> WORK REQUIRED:
Only the lines below from the one containing "Jona design collection, hand" through the one containing "All Jona jewelry is new" belong in the answer, repeated exactly and without pictures.

> RECORDS TO PROCESS:
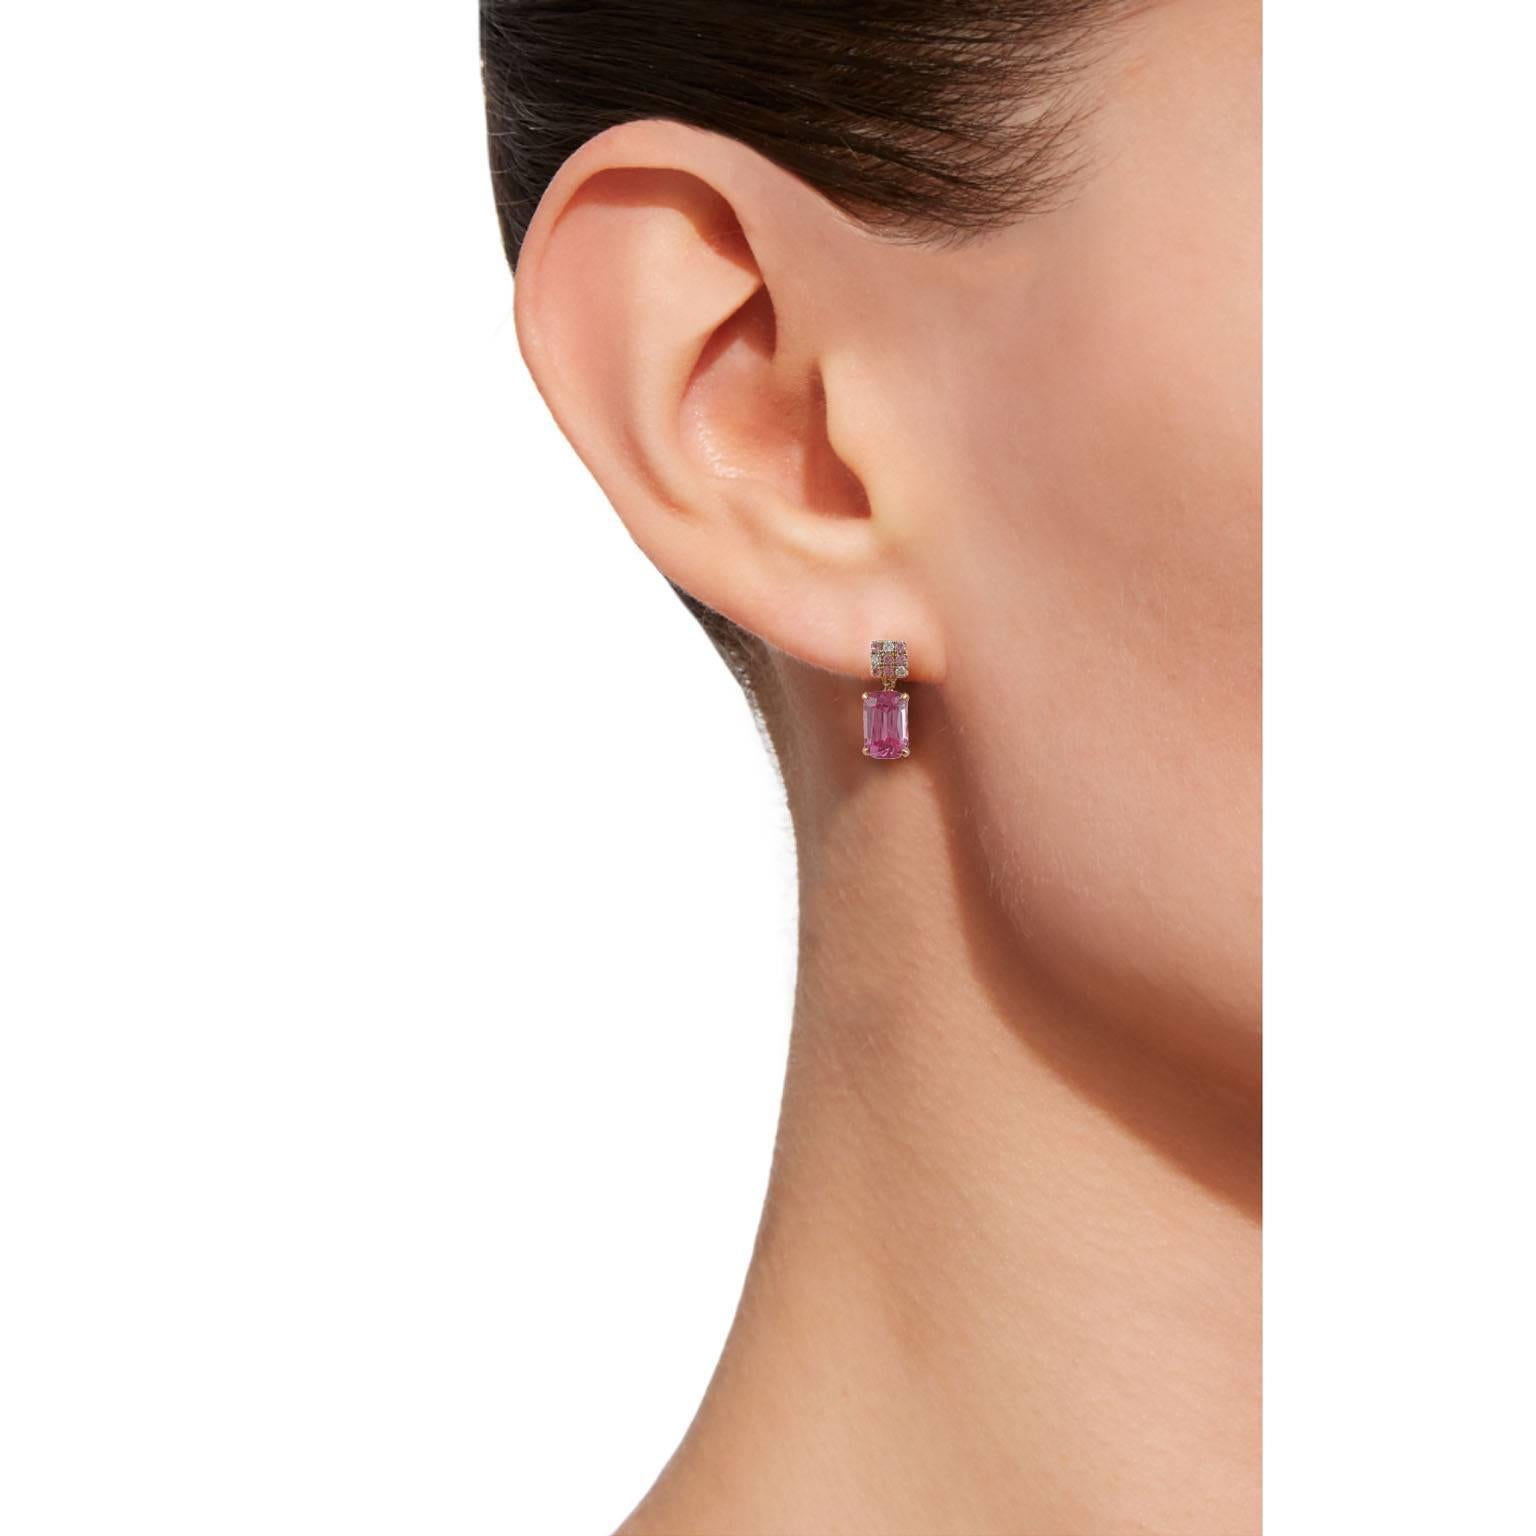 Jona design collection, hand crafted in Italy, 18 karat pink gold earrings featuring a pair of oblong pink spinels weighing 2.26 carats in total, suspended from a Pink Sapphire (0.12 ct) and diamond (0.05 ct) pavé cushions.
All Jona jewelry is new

---

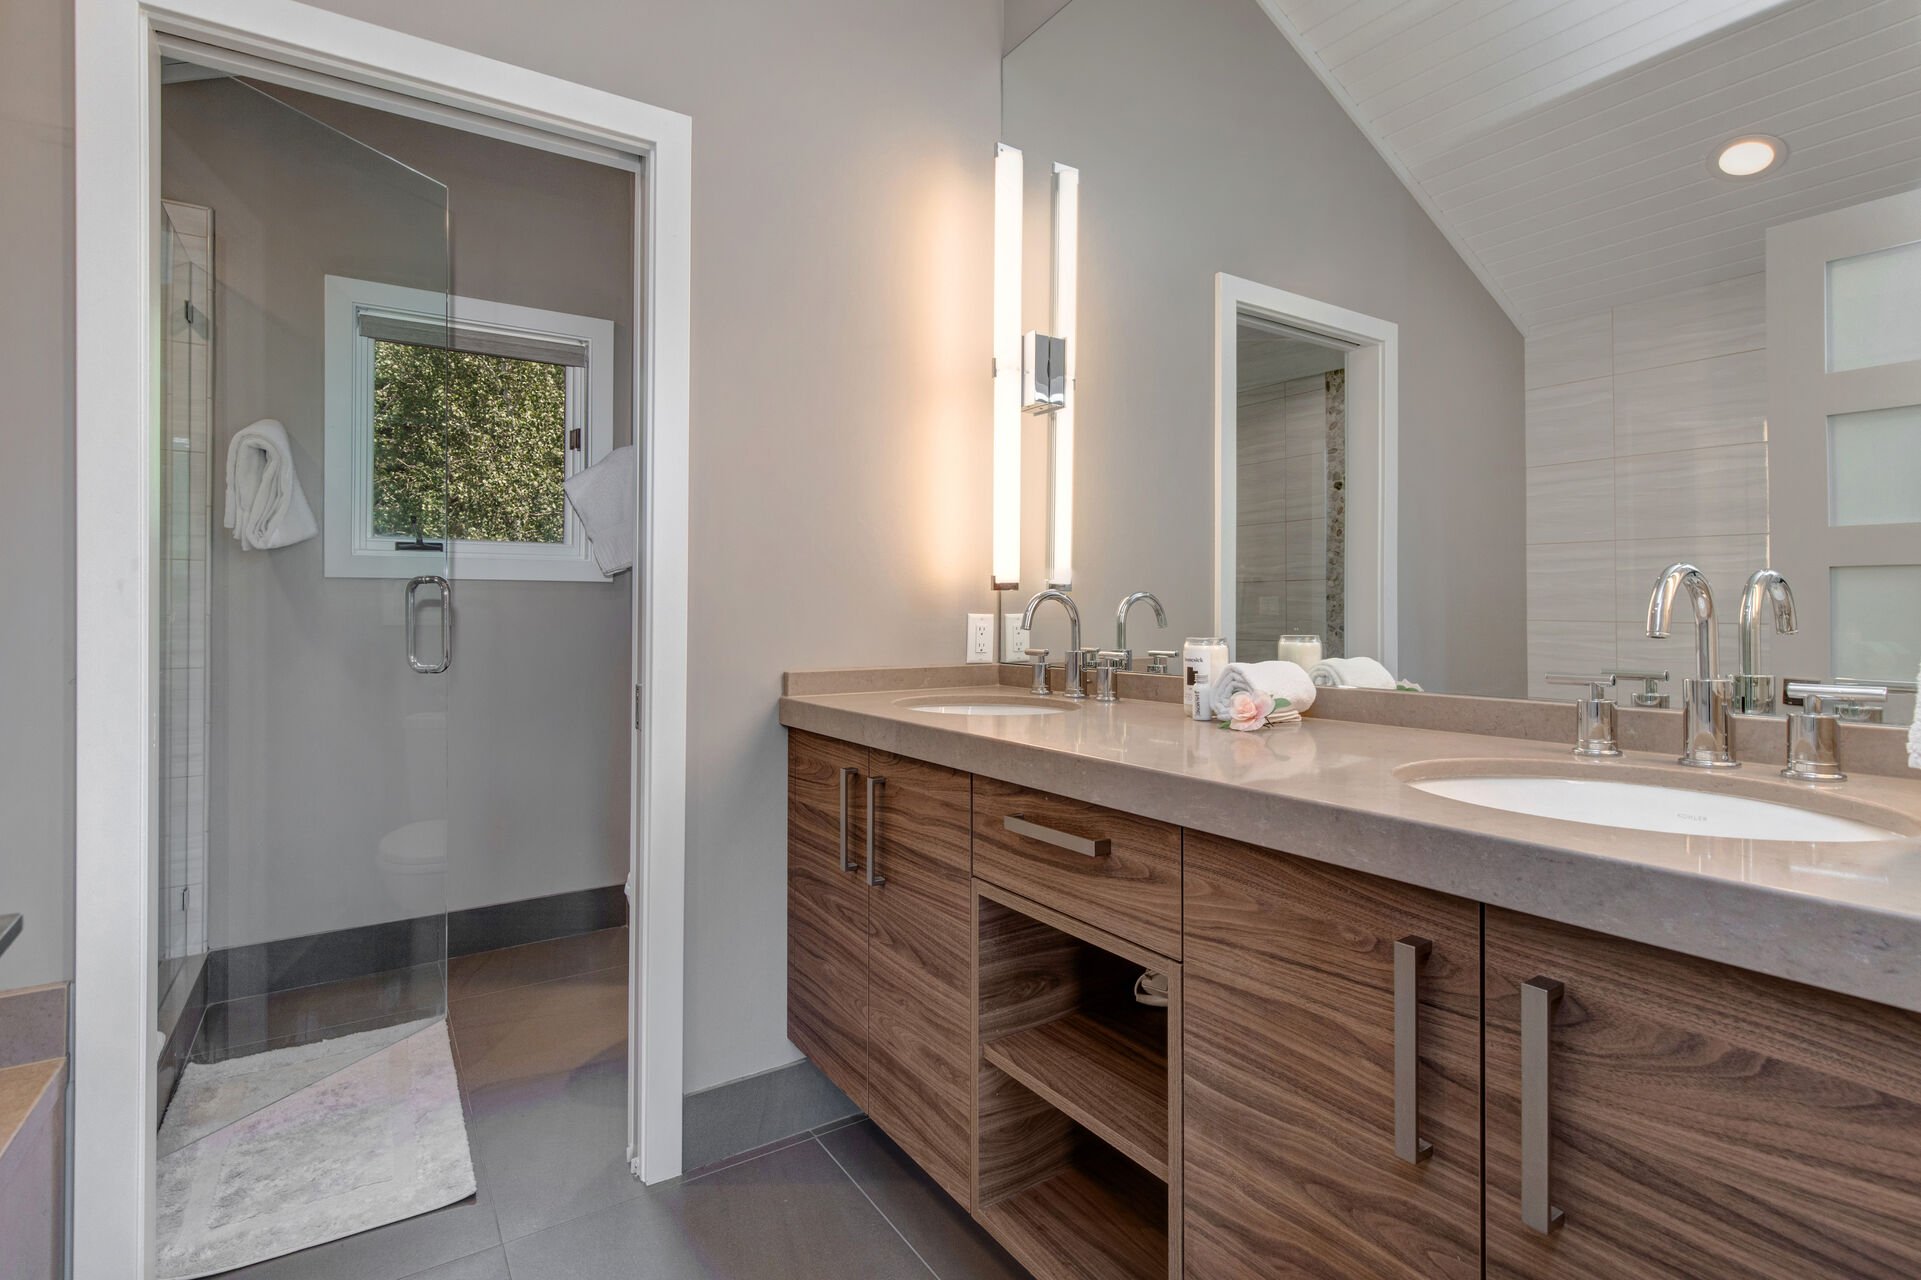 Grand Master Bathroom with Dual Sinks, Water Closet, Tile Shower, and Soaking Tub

> RESPONSE AREA:
 Jona design collection, hand crafted in Italy, 18 karat pink gold earrings featuring a pair of oblong pink spinels weighing 2.26 carats in total, suspended from a Pink Sapphire (0.12 ct) and diamond (0.05 ct) pavé cushions.
All Jona jewelry is new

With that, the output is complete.